大学とか大学院は人間形成の場だと思うんですね。もちろんカリキュラムがあって、学ぶのですが、それだけだったら教科書を読めばいいということですよね。いかに素晴らしい場を持てるかということが、その後、その人が社会人になって社会をリードする世代になったときに生きてくるところではないかと思います。
日本人のいいところでもあり、悪いところでもあるのですが、何か規制などがあると、それが固定観念になって変えられない。でも、規制だってしょせん人間がつくったものなので、つくったときはそれがリーズナブルなものだとしても、社会の変化によっていろいろ変わってくるわけです。
変える必要があるのであれば、どう変えるのがいいのか、きちんと共通理解のもとでどんどん変えていくべきものではないかと思います。
私は慶應でも講義を持たせていただいていますが、「パブリックヘルスのゲートキーパーであり、ゲートオープナーになりましょう」と話しています。ある規制やルールをつくってそれを守ることは社会の秩序を守るためには必要なことですが、このルールがあるから、ここまでしかできないというのではなく、培った知識や経験をもとに、今あるものをまた変えていくことも重要なのではないかと思います。
われわれは日本人なので、まず一義的には日本ということを考えますが、国という壁にとらわれずに、日本だけではなくアジアや世界のリーダーになれる学生がたくさんいらっしゃるのが慶應ではないかと思います。この学び舎でいろいろな知識や経験を積んで、それをベースにいかに社会にはばたいていくか、世界のリーダーになっていくかということが、求められているのではないかと思います。
グローバルなプロジェクト等もすでにあるとのことですが、慶應に来たからこそ経験できることがあると思いますので、学生時代にできる経験をたくさん積んでほしい。
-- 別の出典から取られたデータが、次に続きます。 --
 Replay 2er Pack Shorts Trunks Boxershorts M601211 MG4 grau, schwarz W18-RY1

慶應の学生は、他の学問領域や他国の人と触れ合うことで、新しいアイデアを得て、それを行動に移していくことができる能力を持っている学生なのではないかと思います。そうしてよりよい新薬や、よりよい公衆衛生環境を提供するためのリーダーになっていただけたら素晴らしいと思います。
有り難うございました。だんだん責任が重くなってきました(笑)。
結局、どういう人材をつくれるかなんでしょうね。社内を見ても、同じ部署でも伸びる人と伸びない人がいる。本人のアンテナの問題、感受性の問題で、高く広くアンテナを広げ、さらに深く広げられるか。これは薬剤師でも、あらゆる仕事に就く人でも同じだと思います。
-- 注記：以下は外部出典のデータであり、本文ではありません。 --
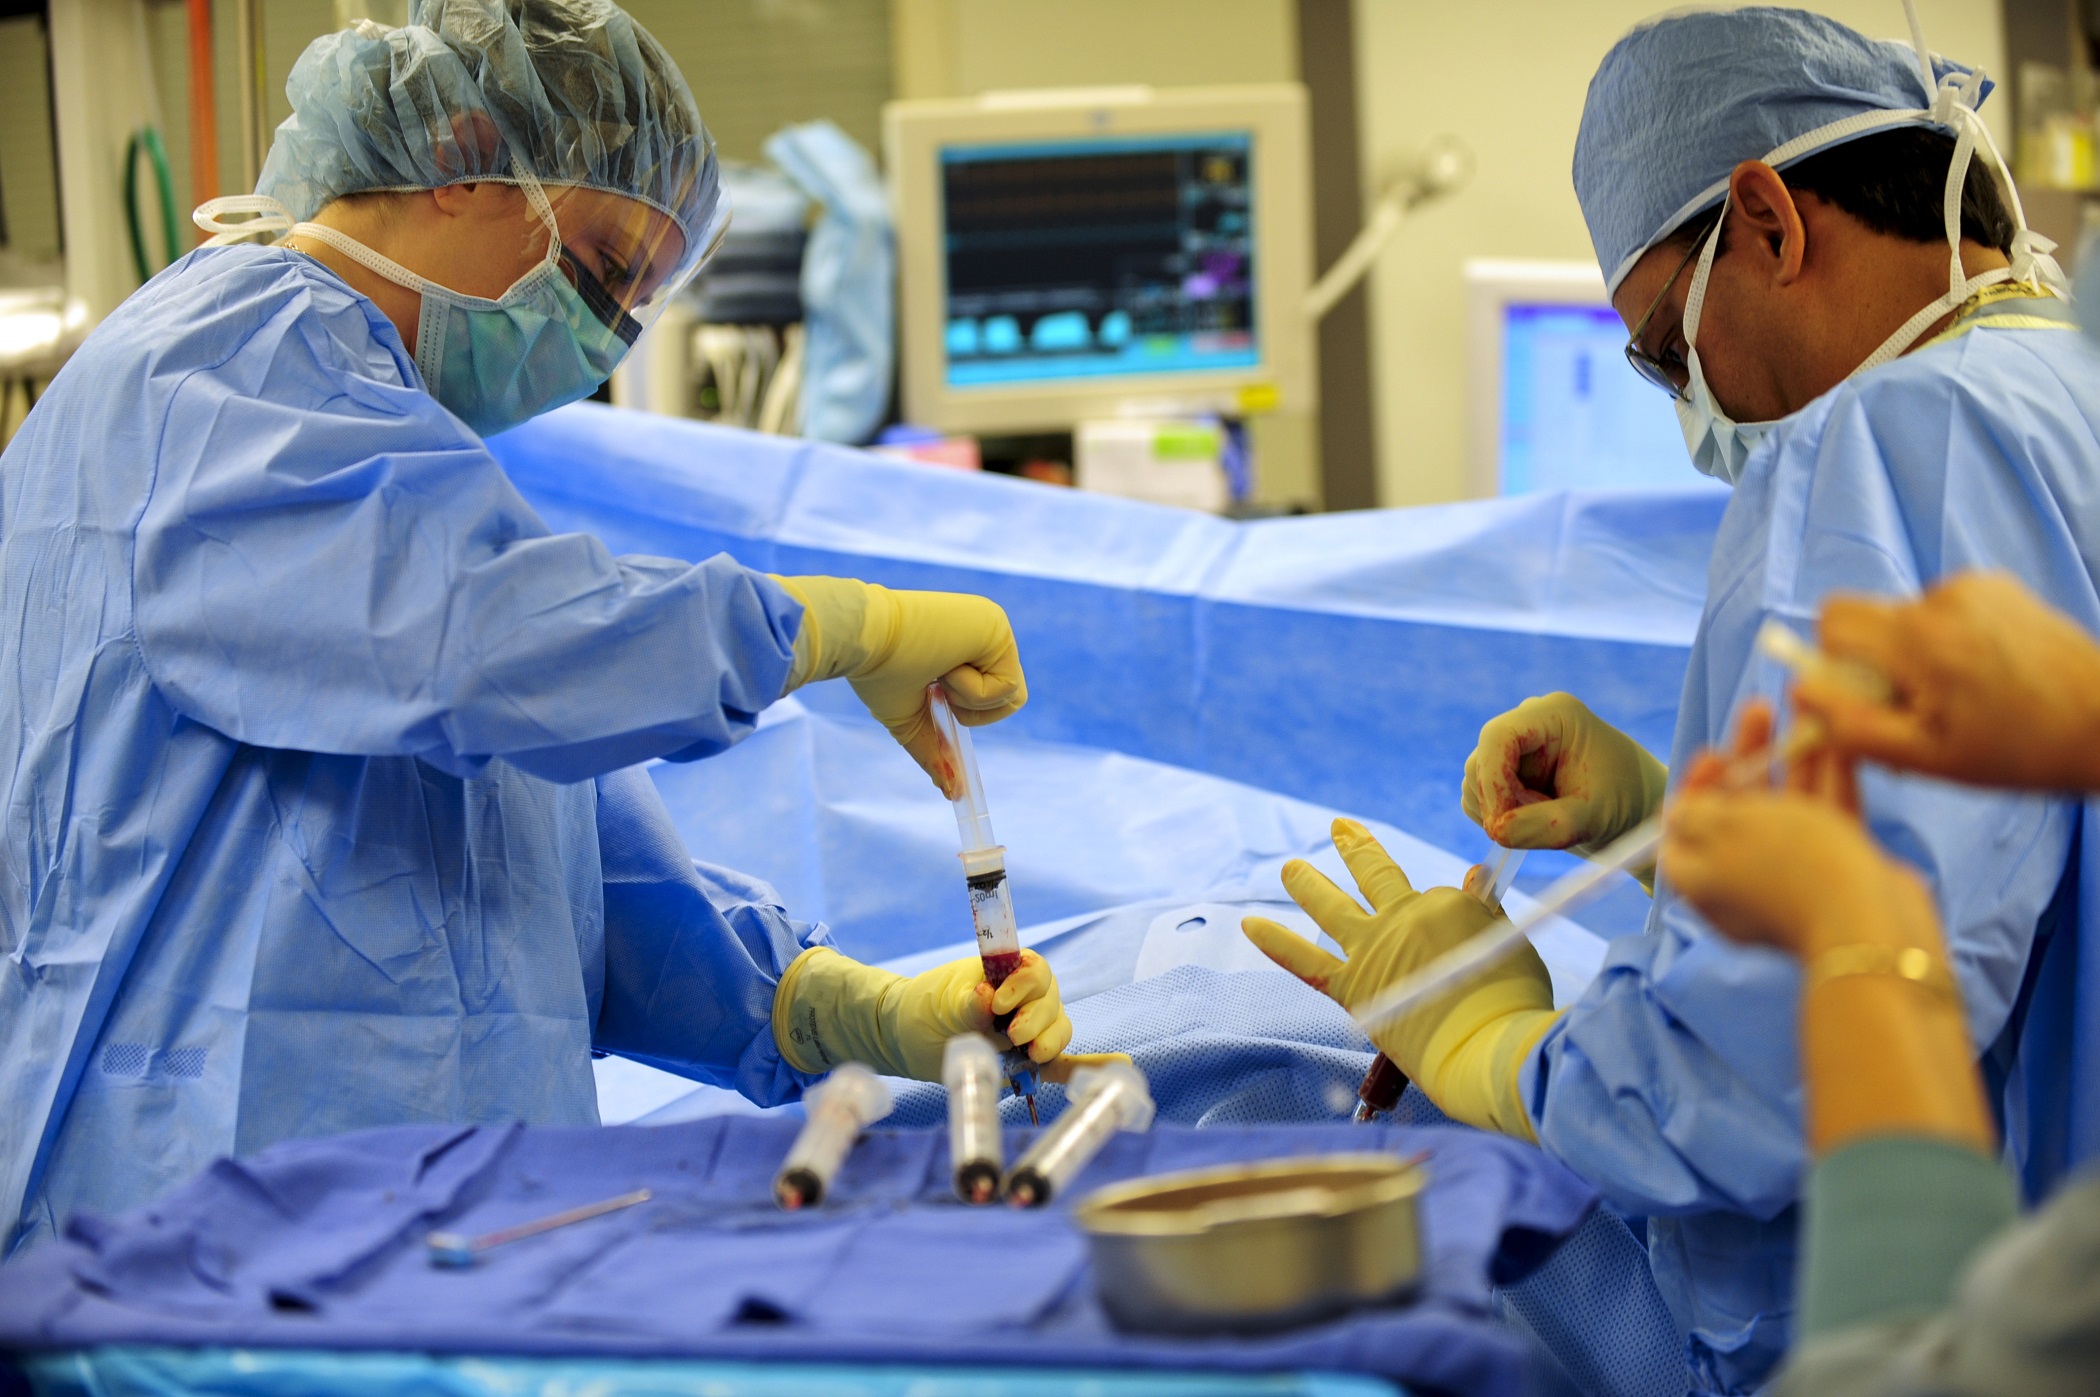 Best Bone Marrow Transplant Hospitals in India

できるだけ他の学部と交流したり、あるいは4、5年の臨床だけではなく、街のハンバーガー店でアルバイトでもいいからお客さまと接するとかいろいろな経験をして、「これはなぜだ」というような気づき、要するに座学だけではなく、体験をさせることが必要ではないかと思うのです。
おっしゃるとおりですね。10周年式典のときに宣誓してくれた博士課程1年の男子学生が、僕はラオスの研修で現地の医療を見て博士課程に進学しようと思ったと話してくれました。
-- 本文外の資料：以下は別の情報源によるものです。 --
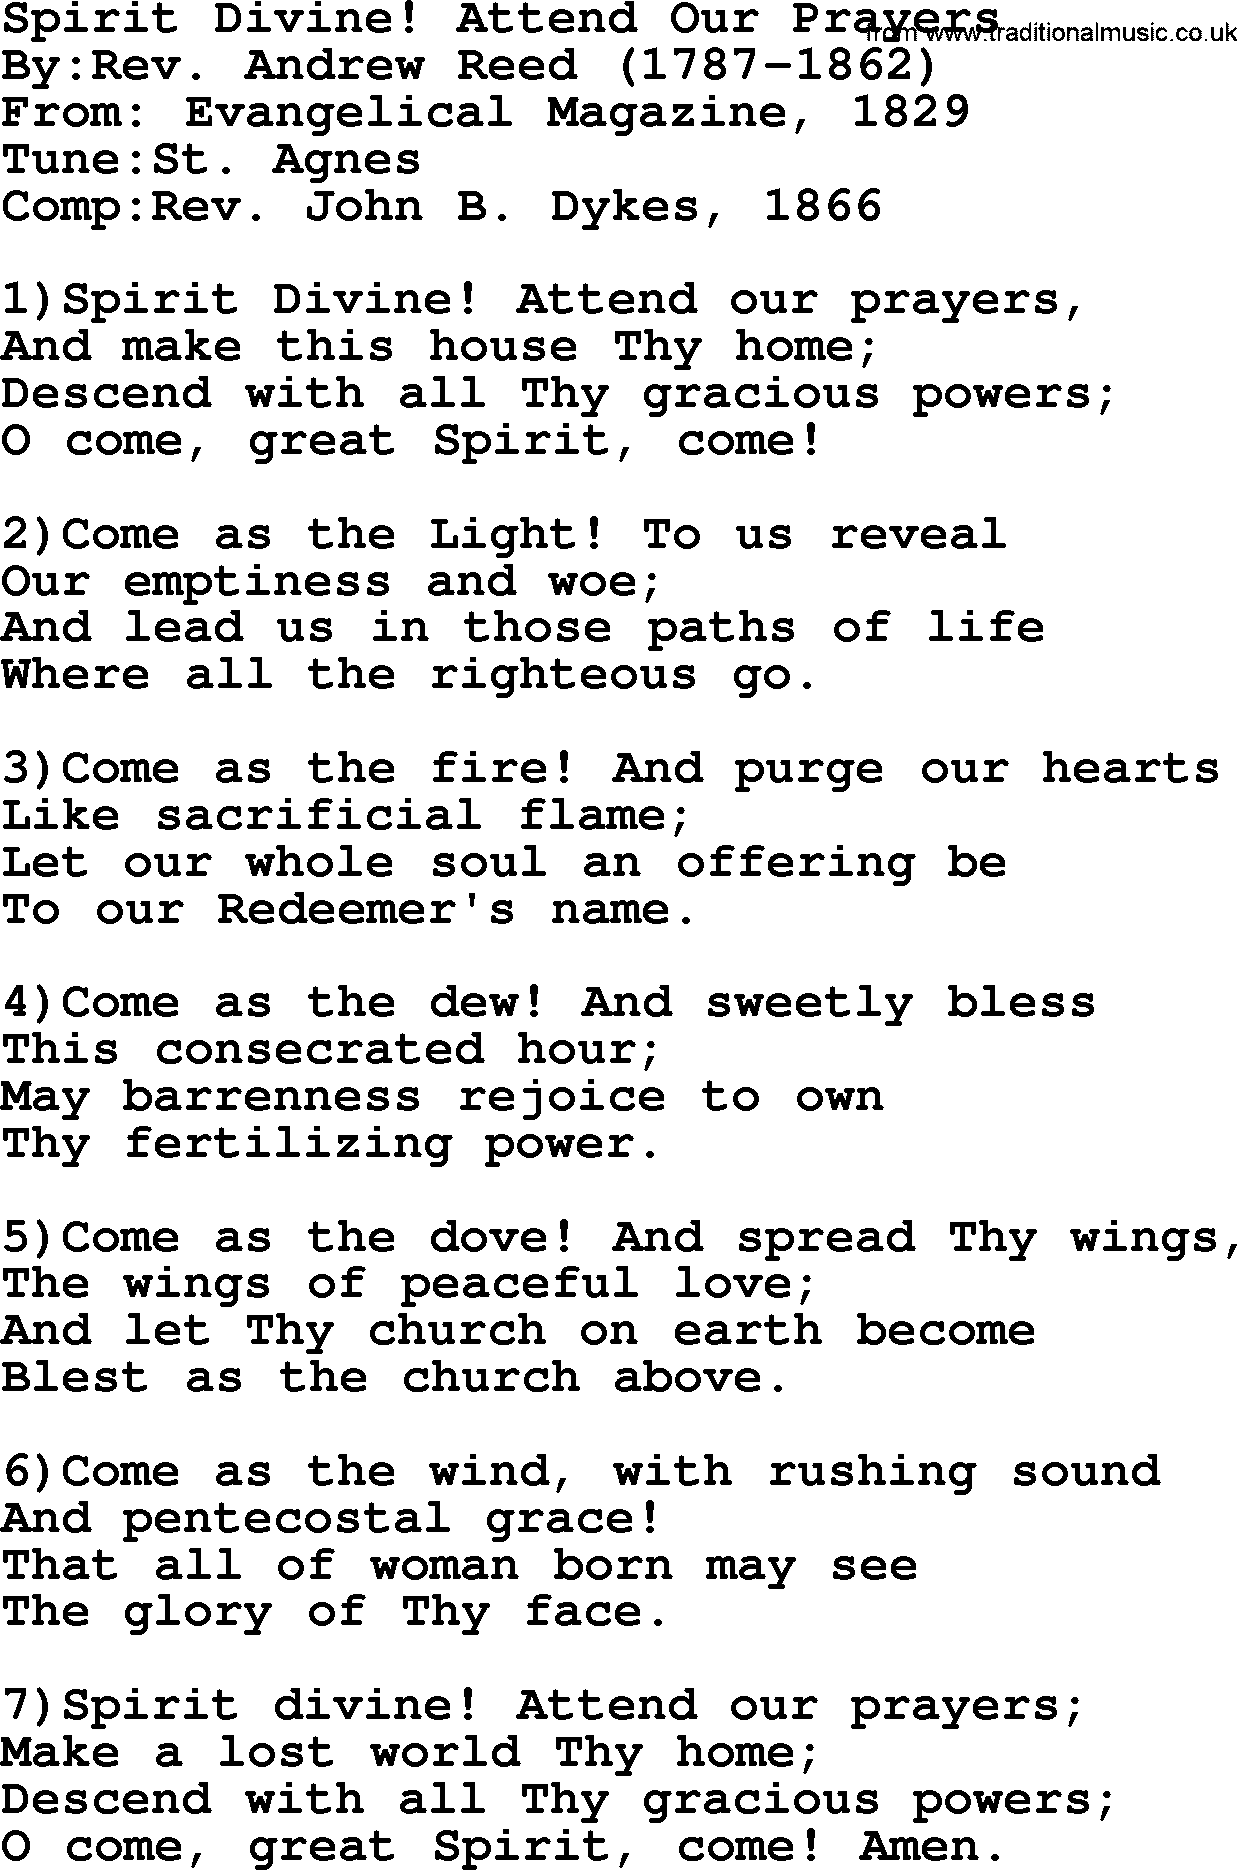 Methodist Hymn: Spirit Divine! Attend Our Prayers, lyrics

もともと看護医療学部がラオス研修を始め、そこに医学部や薬学部の学生が一緒に行っているのですが、何でもある日本とはまるで違い、何もないところで学ぶことが大いにあって、これを何とかするには僕の今の知識では足りないから、博士課程に行かなければ、と思ったようなんですね。
慶應は能力の高い学生が入ってきますから、その学生を伸ばすような教育システム、これまでの薬学ではあまり行われてこなかったようなところも、ほかの学部を参考に積極的に取り入れ、視野をグローバルに広げた活動をしていきたいと思っています。
薬学部としても、今回皆さまに言っていただいたことが、もうここまで来ましたよと、次の機会にお話しできるようにしていきたいと思っております。
本日は有り難うございました。
(2018年8月20日収録)
※所属・職名等は本誌発刊当時のものです。